About this task ::
Please, without any pictures, set down exactly the part of the listing below that opens with the line containing "Marked safe - Fake News" and closes with the line containing "Livingstone Beach Restaurant".

Recorded data ::
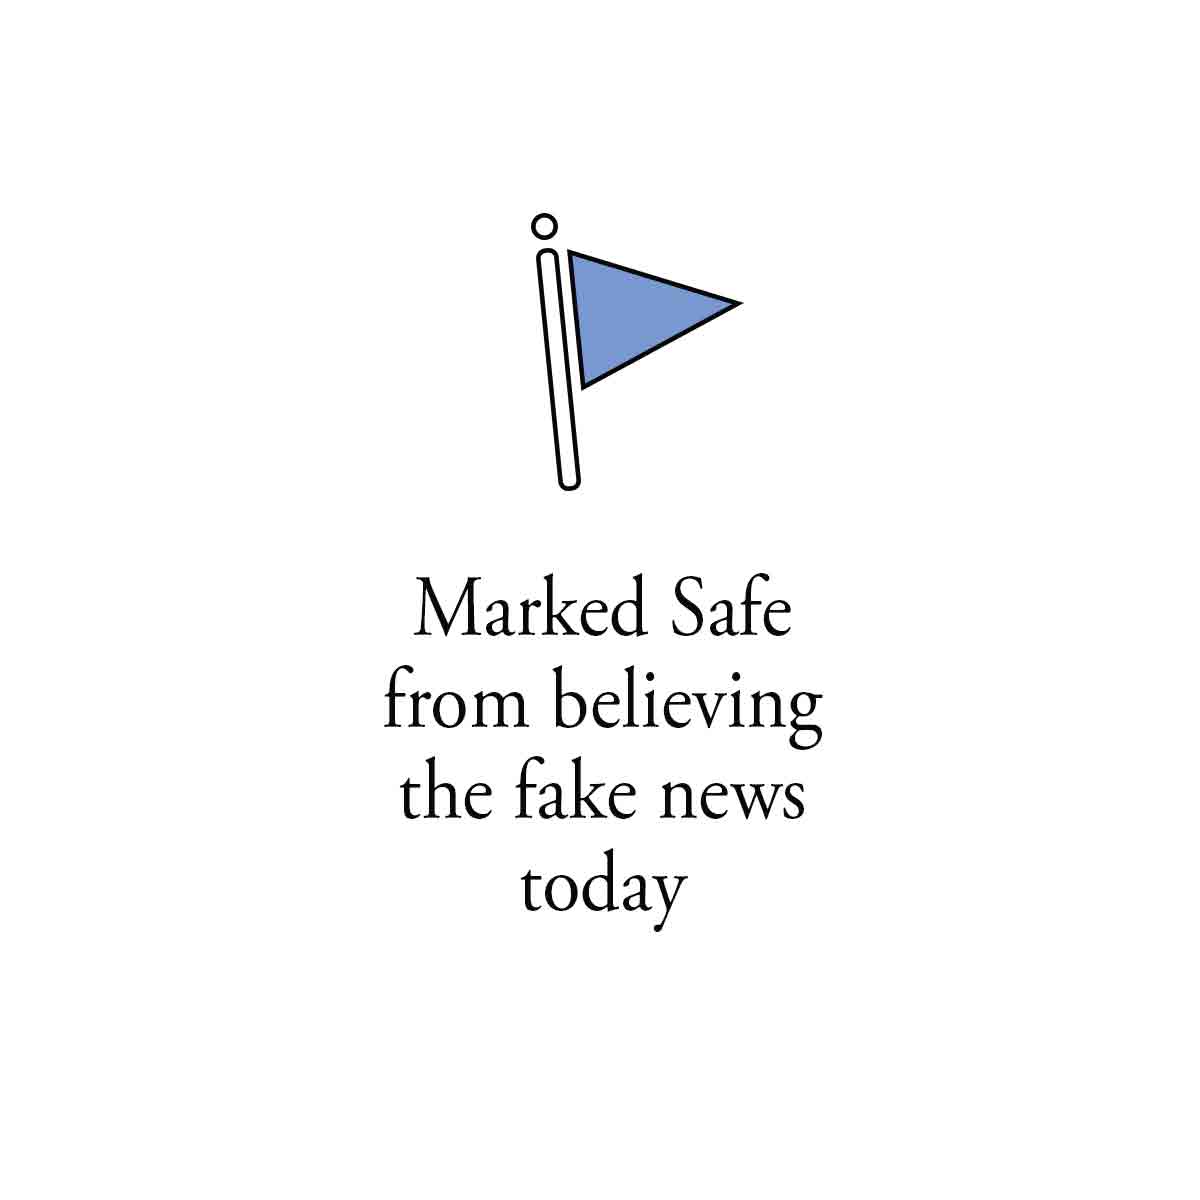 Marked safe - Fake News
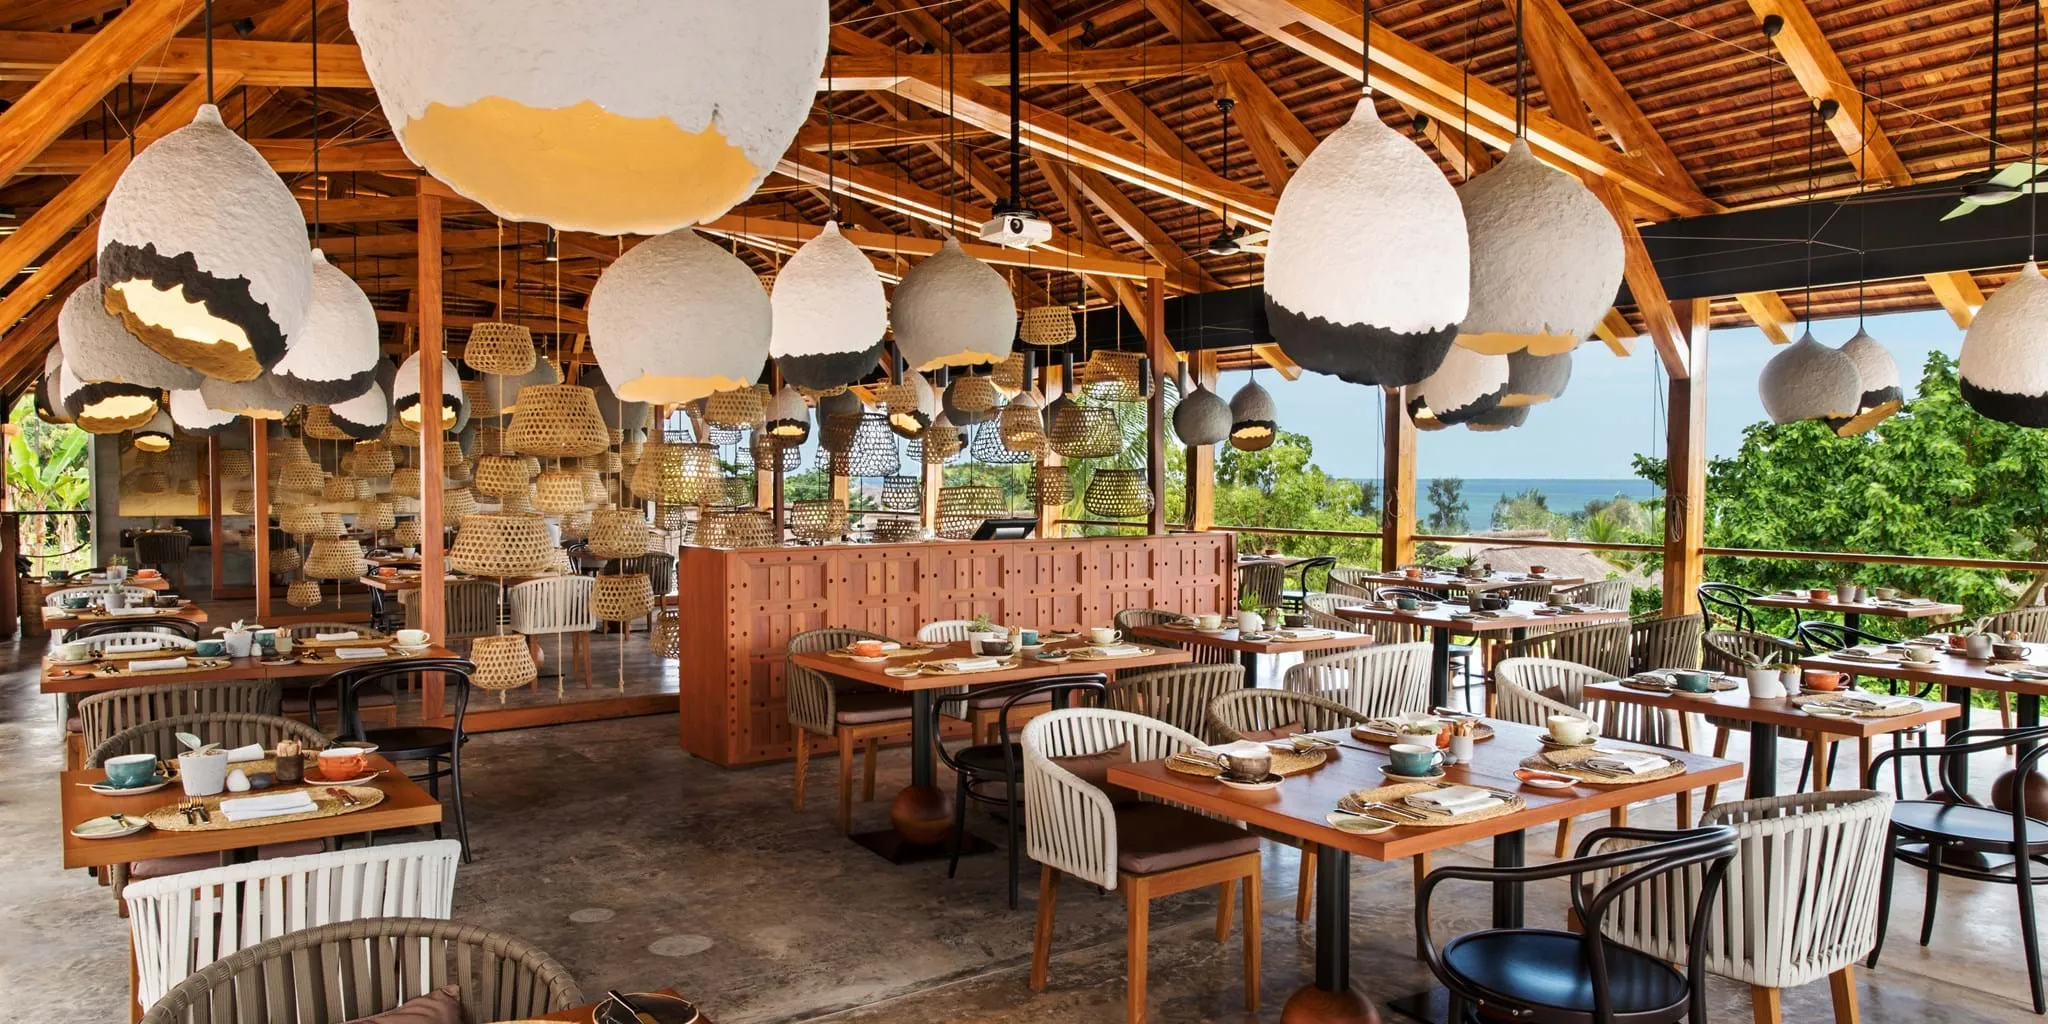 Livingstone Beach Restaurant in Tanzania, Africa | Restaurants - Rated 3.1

--

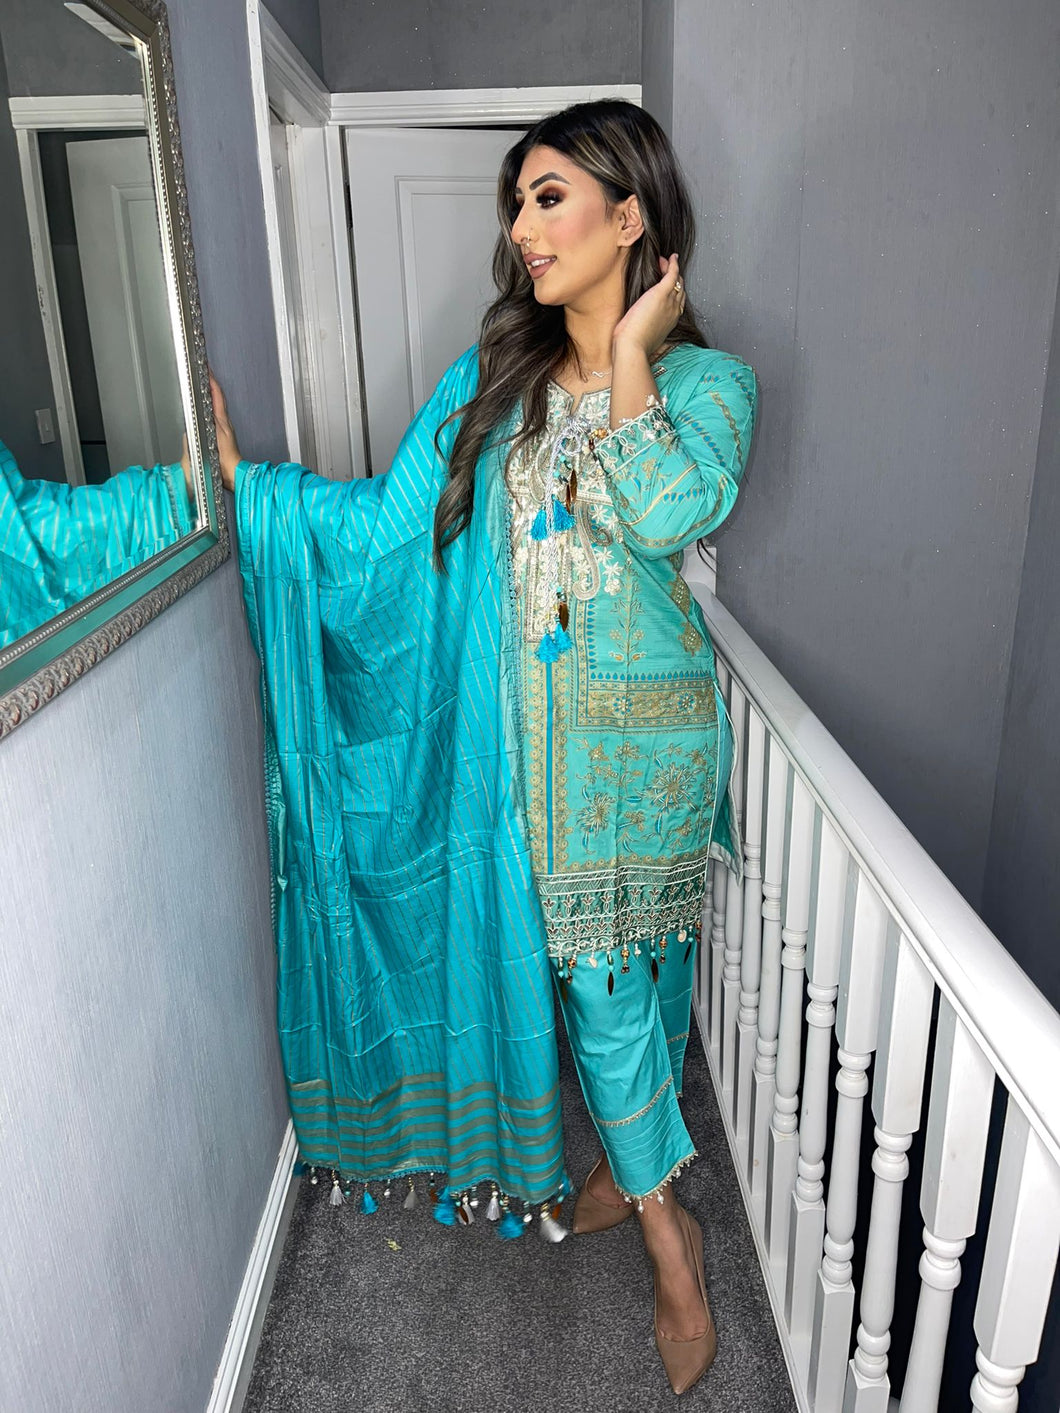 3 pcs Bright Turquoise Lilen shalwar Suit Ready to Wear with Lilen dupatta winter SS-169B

Solution for this task ::
 Marked safe - Fake News
 Livingstone Beach Restaurant in Tanzania, Africa | Restaurants - Rated 3.1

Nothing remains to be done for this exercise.